У этой неприязни прочная научная основа. Высота звука – это частота вибрации, которую мы лучше всего слышим, однако эта конкретная вибрация – лишь одна из многих, входящих в звук. Нота, взятая на фортепиано, например, может восприниматься как одна нота, но она “включает” много дополнительных тонов, тоже участвующих в создании звука, который мы слышим. Музыкант знает об этих тонах; остальные, скорее всего, нет. Дополнительные вибрации, скрывающиеся в одной ноте, называют обертонами, и каждый соответствует какой-нибудь другой ноте на фортепиано. До третьей октавы громче всего вибрирует на частоте 262 Гц. Но также в ней звучит нота с частотой 524 Гц – до следующей октавы. Эта скрытая вибрация – первый обертон. Квинта, соль, – следующий обертон, за которым следует кварта, большая терция, малая терция и так далее. Вы можете не слышать обертонов, но вы их, несомненно, ощущаете: октава, квинта и терция звучат приятно. Однако лишь мы достигаем окраин обертонового ряда, как звуки кажутся диссонантными. Малая секунда далеко на окраине. То же касается тритона – увеличенной кварты или уменьшенной квинты, которая звучит настолько тревожно, что в свое время ее считали происками темных сил и называли diabolus in musica, “интервалом дьявола”. В средние века его было запрещено использовать в музыке.

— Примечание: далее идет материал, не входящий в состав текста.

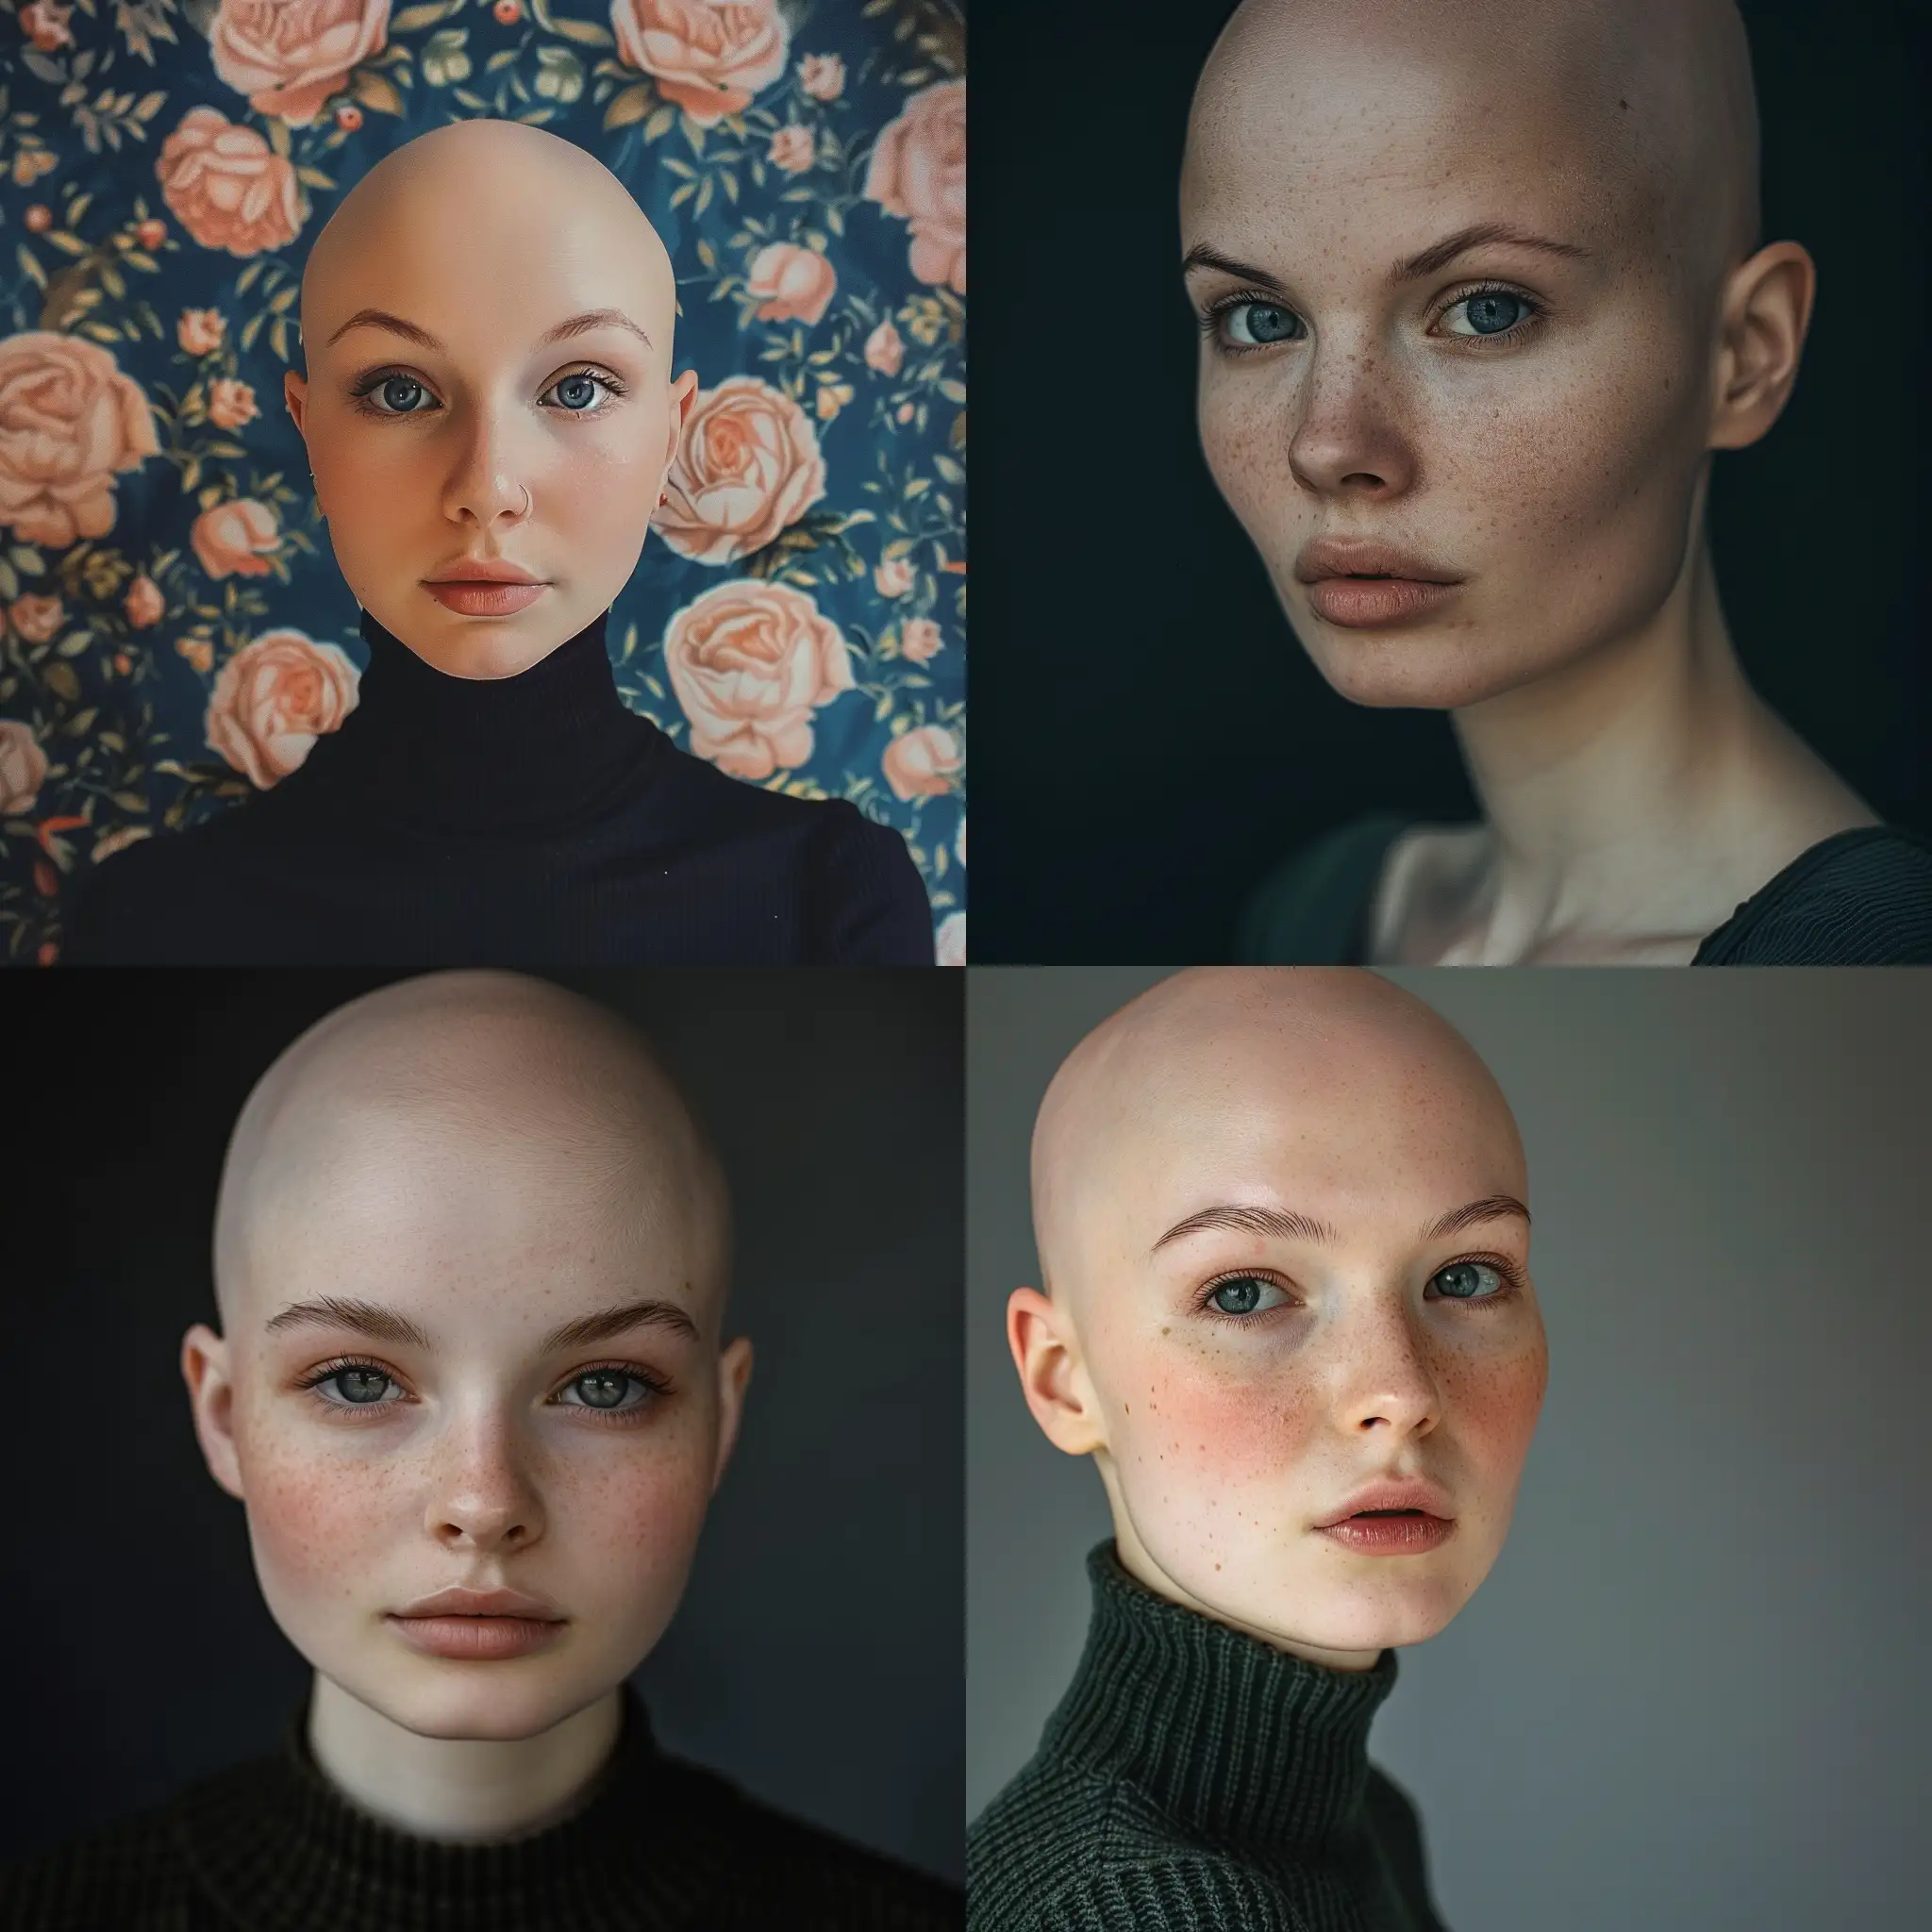 Portrait-of-Bald-Girl-with-Intense-Expression
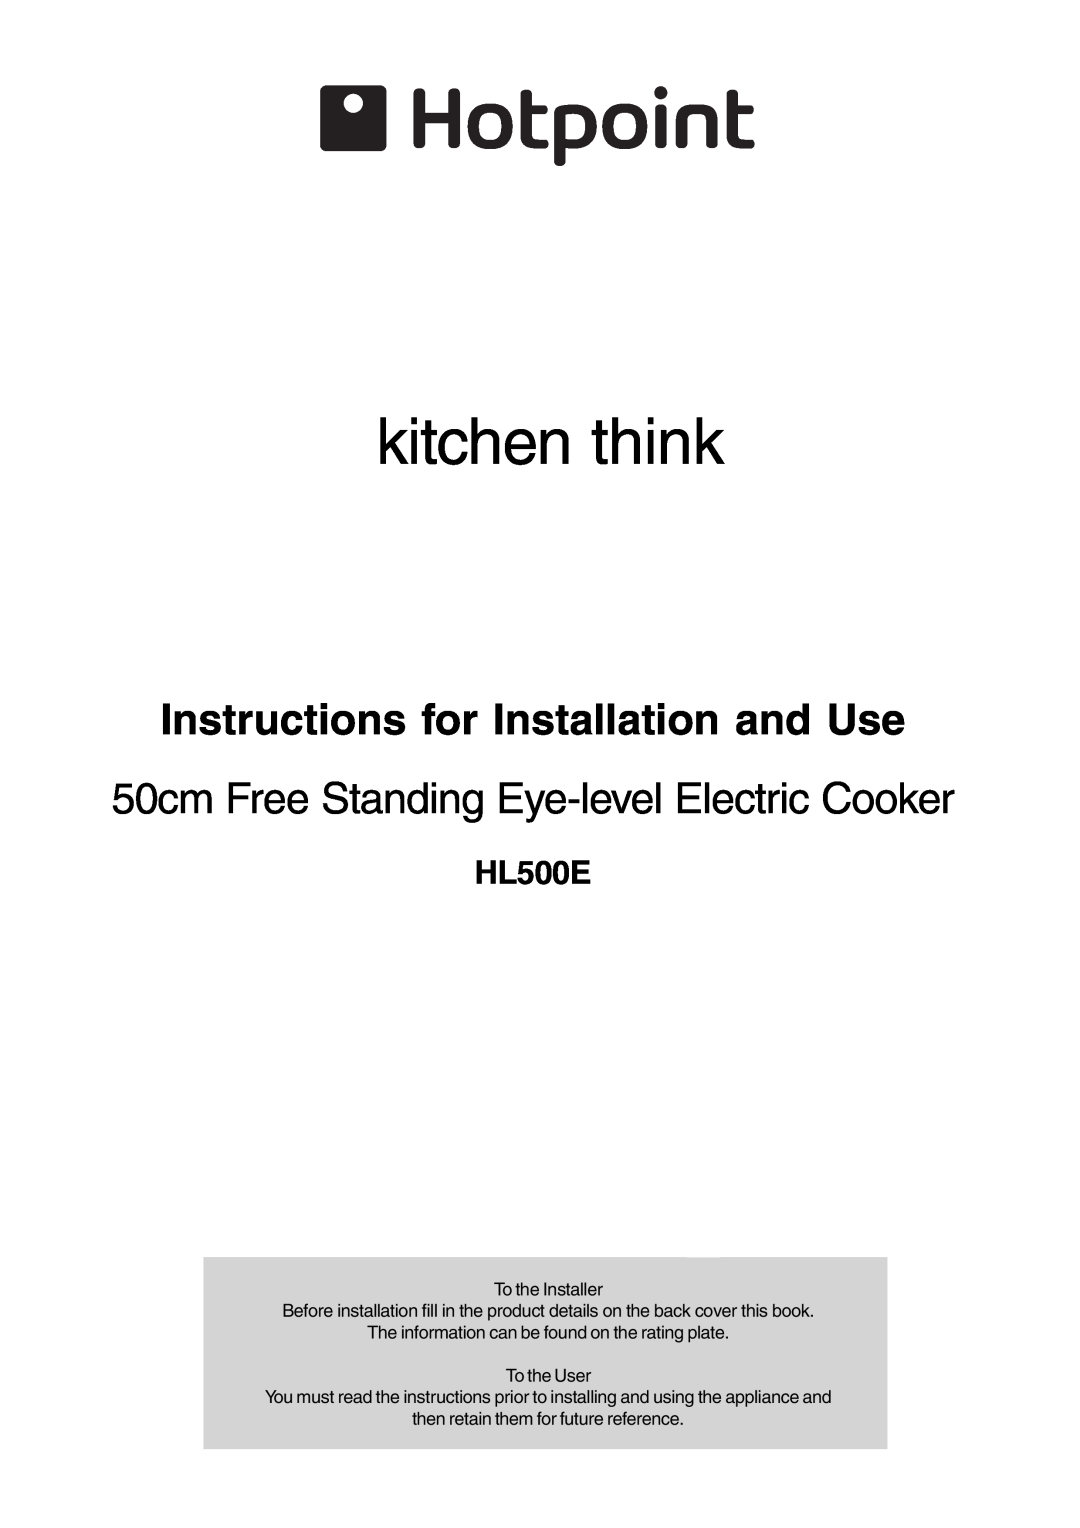 Hotpoint HL500E manual kitchen think, Instructions for Installation and Use, 50cm Free Standing Eye-levelElectric Cooker

Я задумалась, могла ли эта малая секунда оказывать долговременный психологический эффект на транспортных работников, запертых в своих подземных кабинках.

 

Одно из устаревших значений слова “тишина”, silence, пригвожденное к странице Оксфордского словаря, – это использовавшееся в XIX веке значение “недостаток вкуса в спирте-ректификате”. Я подумала об этом вечером, когда села расшифровывать диктофонную запись прогулки с Лерером. Дома, в тиши кабинета… Стоп. Тишина была относительной. Я знала, что в паре кварталов шумело шоссе. Слышались привычные звуки жилого дома, задний фасад которого выходил на мой кабинет. Одежда лениво полоскалась в стиральной машине. В ушах остались отзвуки прошедшего дня, олицетворяющие все, чего мы не услышали в городе. Наш мозг умеет создавать звук из тишины. Видимо, шум – это то, для чего мы созданы.
Пока я расшифровывала записи прогулки и разговоров, меня поразили звуки, которые я не заметила и которые уловил бесстрастный диктофон. Он сохранил собственное ритмичное постукивание по моей ноге во время ходьбы. Он заметил мое шмыганье носом – признак того, что я все сильнее мерзла. Я с удивлением услышала, как часто налетал ветер, унося с собой звуки. Один раз из ветра вынырнул смех, но остальное он поглотил. Я попыталась услышать Лерера: щелчки его фотоаппарата, вздохи, присвист во время вдоха. Но он оставался бесшумным. В конце записи мы попрощались, и город поглотил его.
Отправившись на прогулку с единственной целью – слушать, – я, тем не менее, упустила множество звуков. Но это не было главным. То, что я услышала, превратилось из жуткого шума в мелодичный, уникальный голос моего города. Теперь я с удовольствием слушала рев транспорта и жужжание мух; смотрела на голубей, ожидая, пока те начнут ворковать; смотрела на пешеходов, мысленно уговаривая их промурлыкать песенку или откашляться. Я считала скрипы, визги и писки и сравнивала их с воем и свистом. Каждый звук казался долгожданным и приятным. Здравствуй, звук!